_RECORDED INFORMATION_
◆ ◆ ◆ ◆
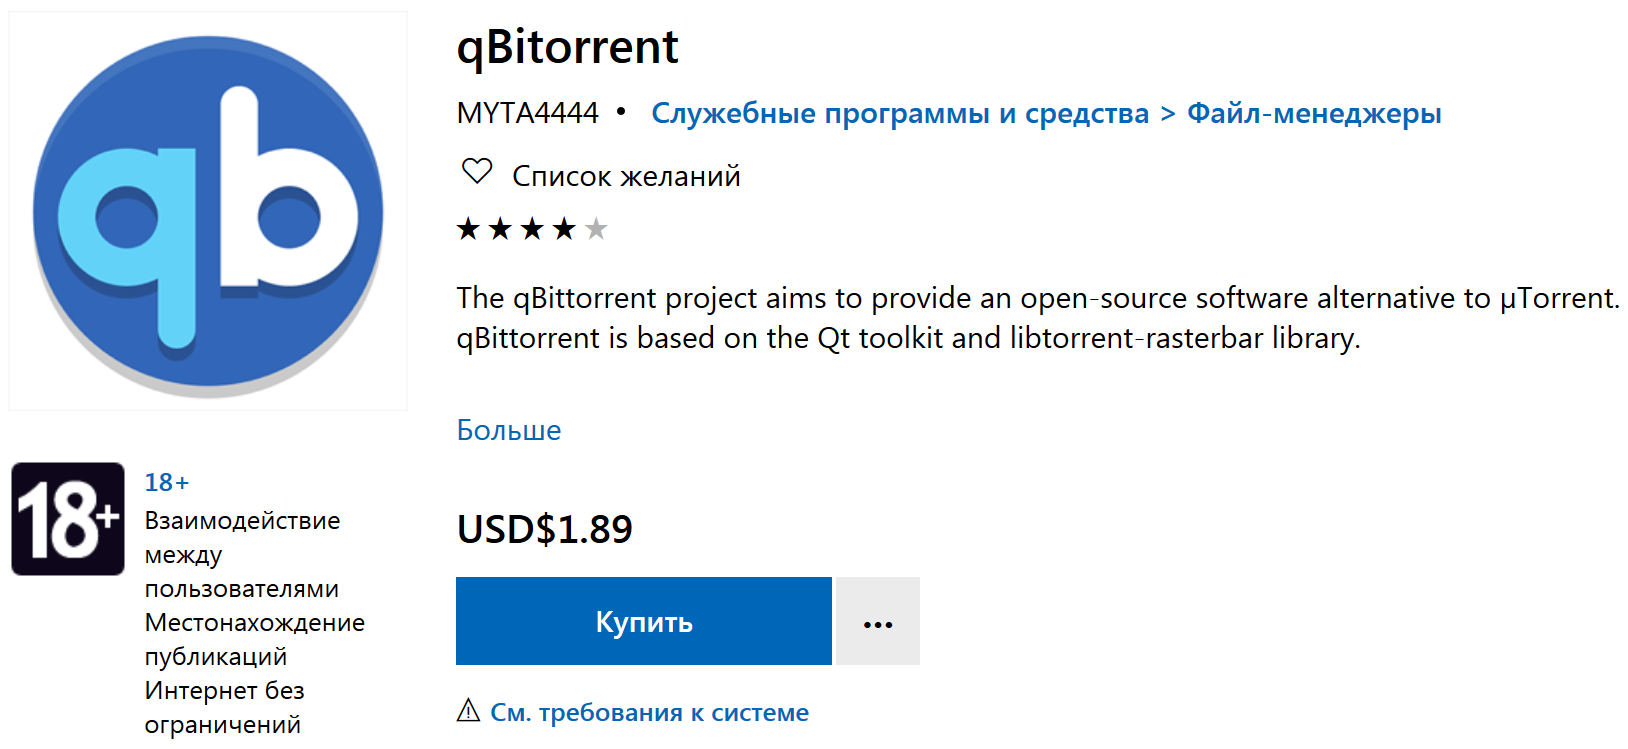 qBittorrent в Windows Store - подделка
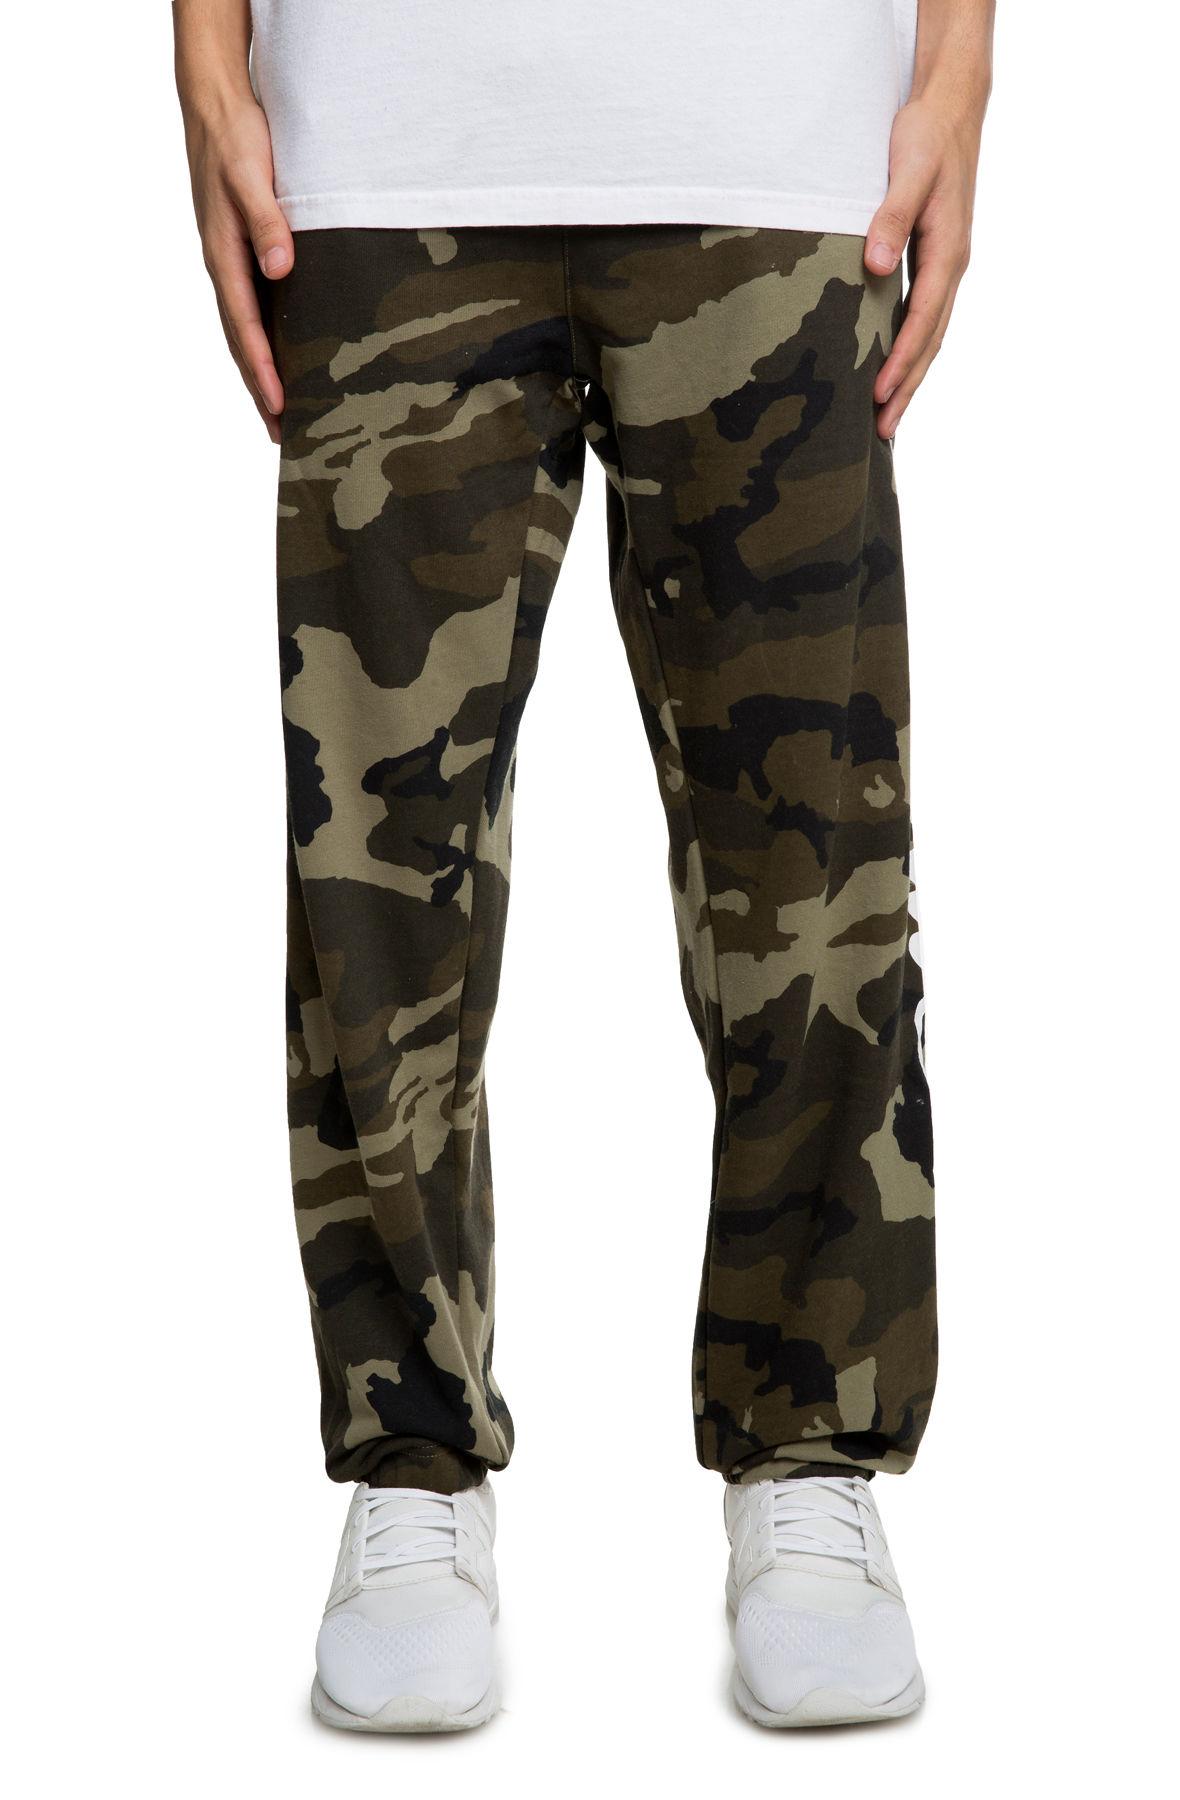 Image of The Nuevo Fleece Pants in Camo
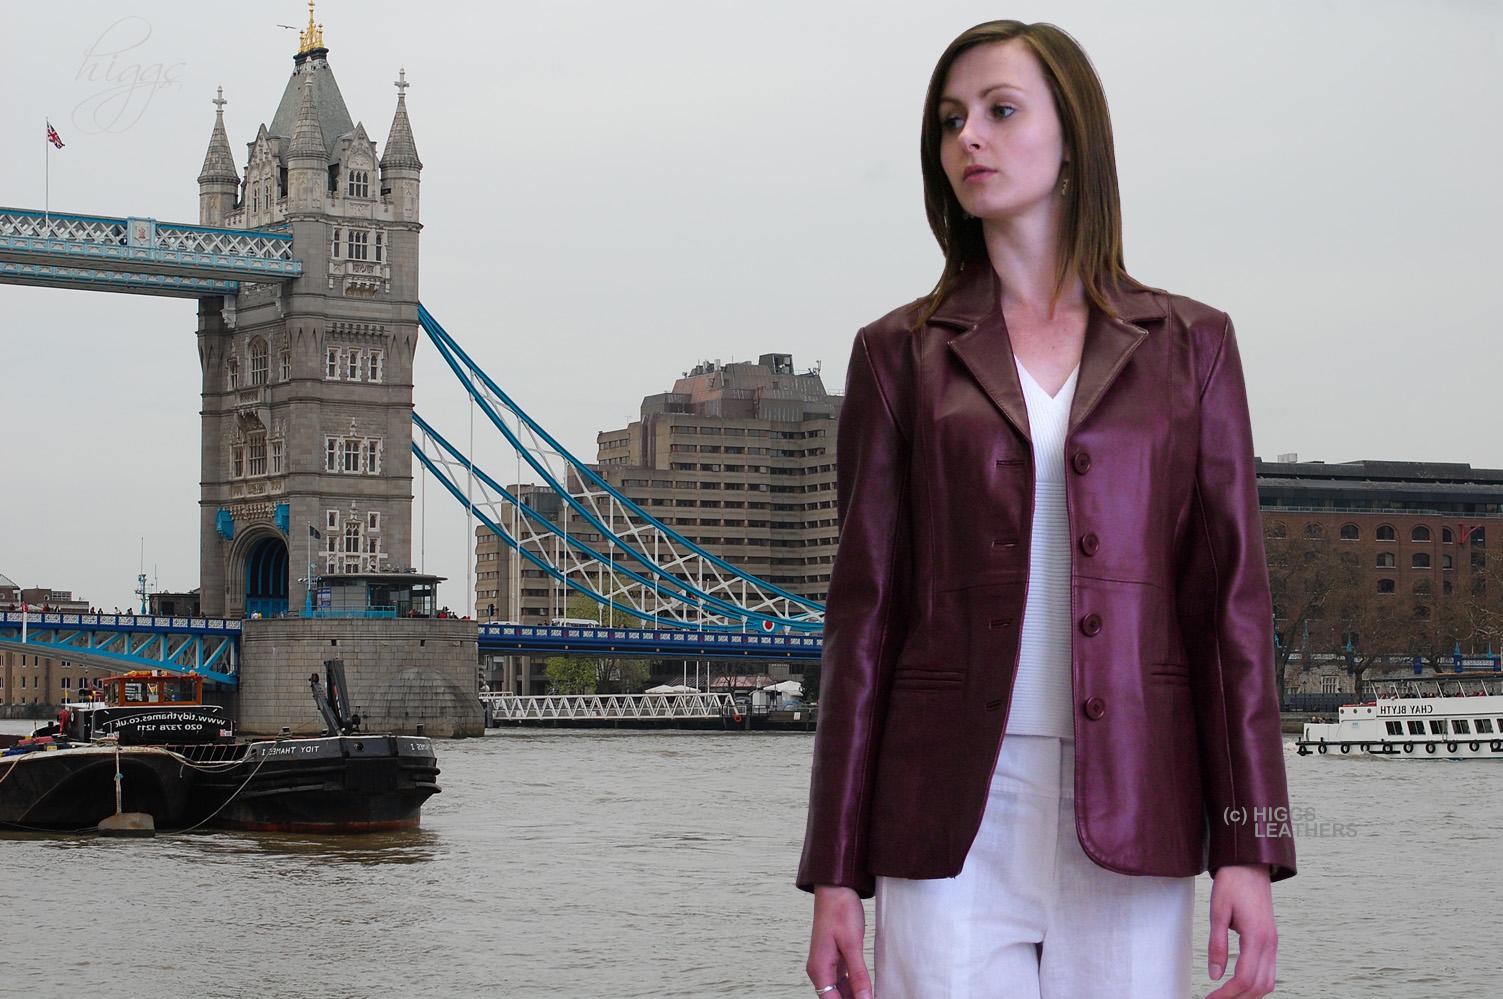 46afbf5c7514 Higgs Leathers {LAST FEW SAVE £70!} Bron (long blazer style women's
◆ ◆ ◆ ◆
_TASK DESCRIPTION_
Drop the pictures and set down the data above exactly.

_ANSWER FOR THIS EXERCISE_
 qBittorrent в Windows Store - подделка
 Image of The Nuevo Fleece Pants in Camo
 46afbf5c7514 Higgs Leathers {LAST FEW SAVE £70!} Bron (long blazer style women's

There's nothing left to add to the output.